* [Material provided]
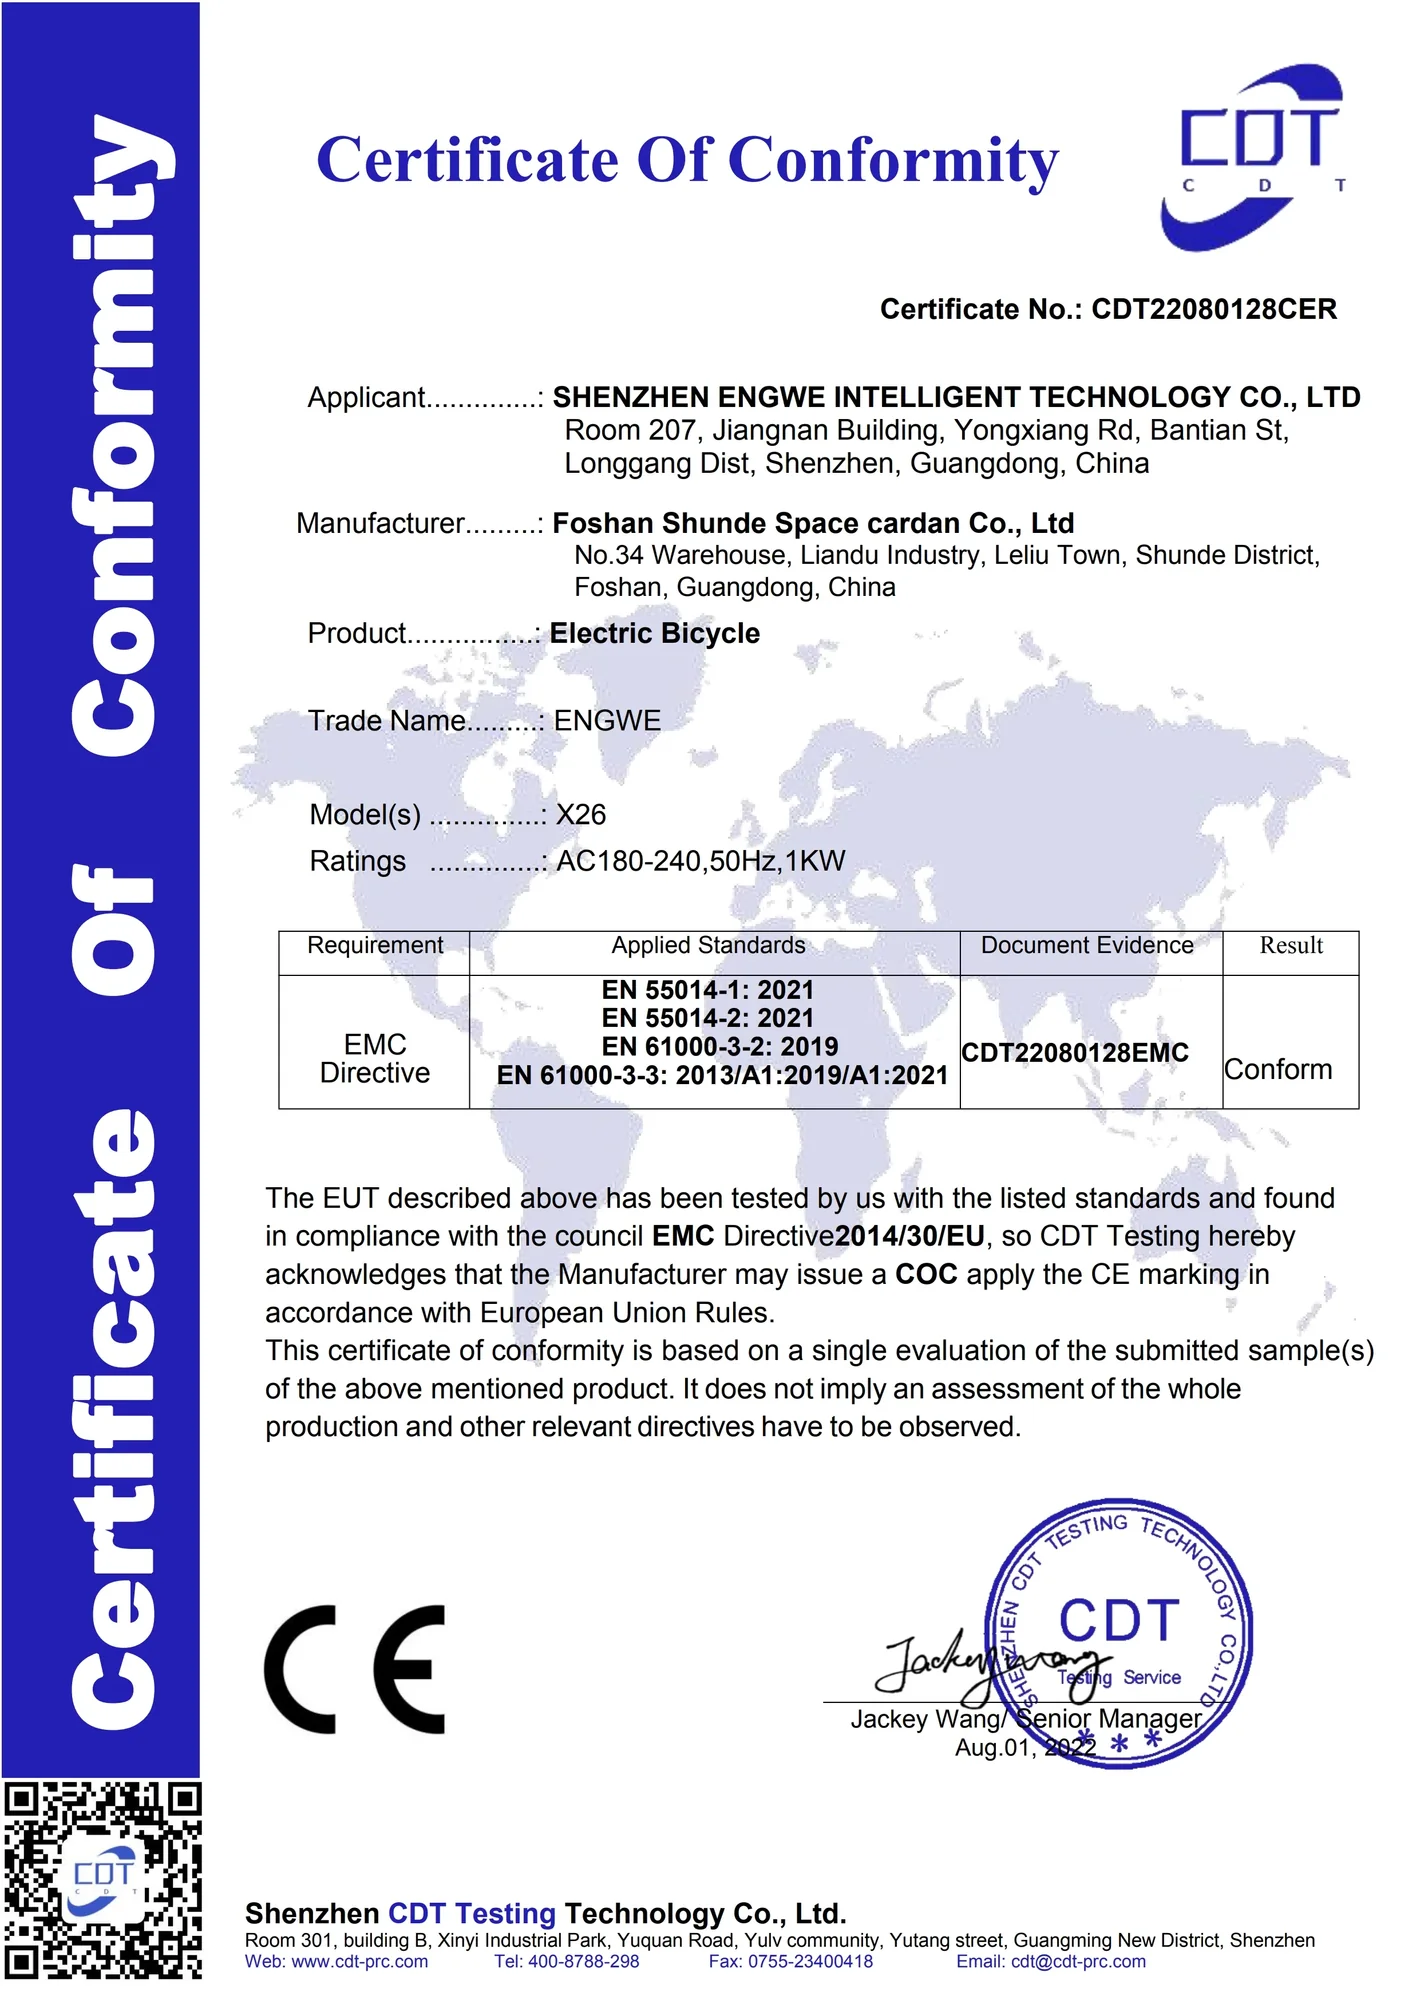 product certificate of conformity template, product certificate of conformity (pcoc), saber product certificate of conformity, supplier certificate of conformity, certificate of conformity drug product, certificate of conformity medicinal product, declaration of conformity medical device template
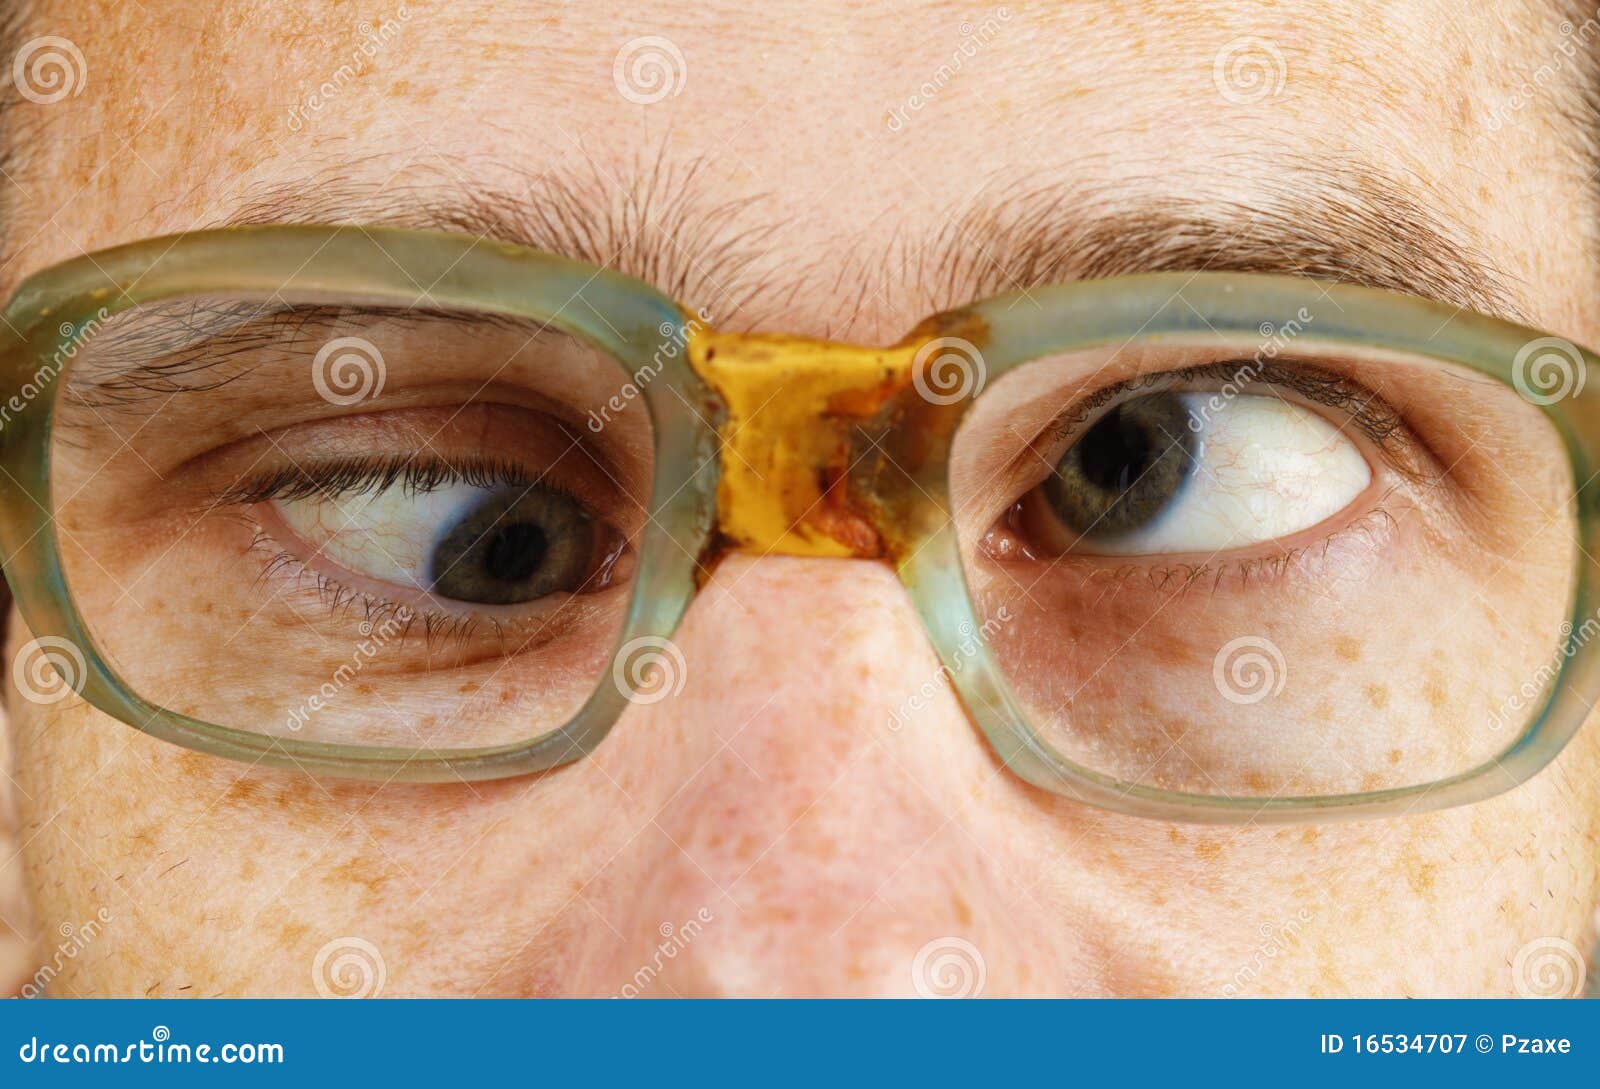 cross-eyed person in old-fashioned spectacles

--

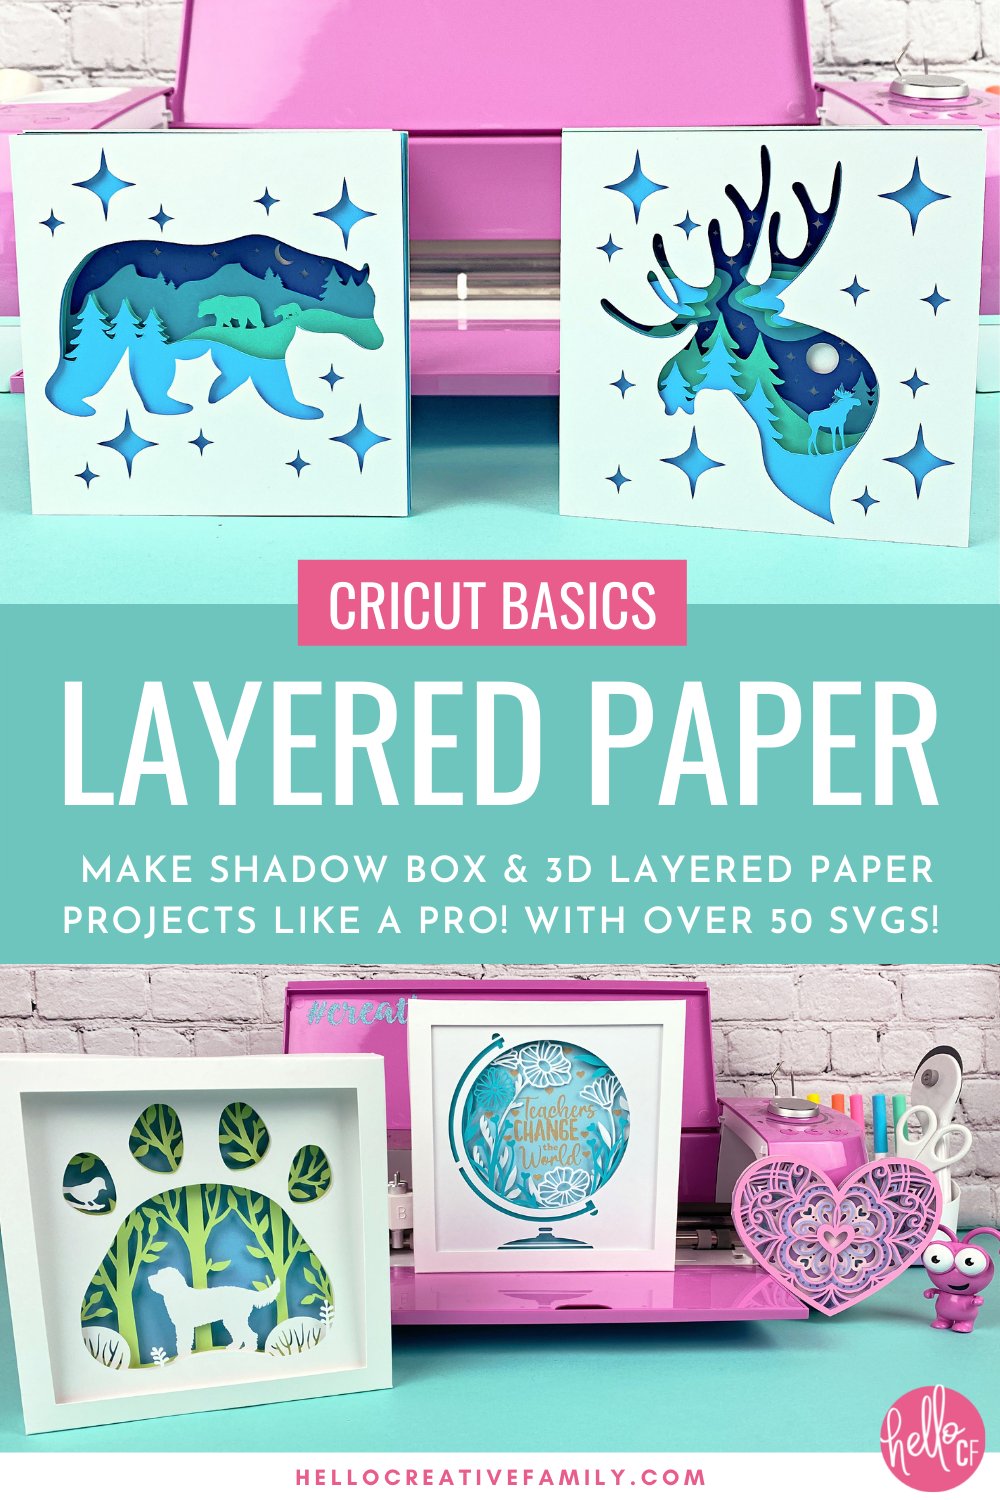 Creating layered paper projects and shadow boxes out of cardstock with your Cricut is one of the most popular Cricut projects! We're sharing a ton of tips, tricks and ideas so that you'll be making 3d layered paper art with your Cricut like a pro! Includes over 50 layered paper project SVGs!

* [Exercise prompt]
Look above and copy only the lines from the one holding "product certificate of conformity template, product" to the one holding "cross-eyed person in", both included, exactly, minus the pictures.

* [Task response]
 product certificate of conformity template, product certificate of conformity (pcoc), saber product certificate of conformity, supplier certificate of conformity, certificate of conformity drug product, certificate of conformity medicinal product, declaration of conformity medical device template
 cross-eyed person in old-fashioned spectacles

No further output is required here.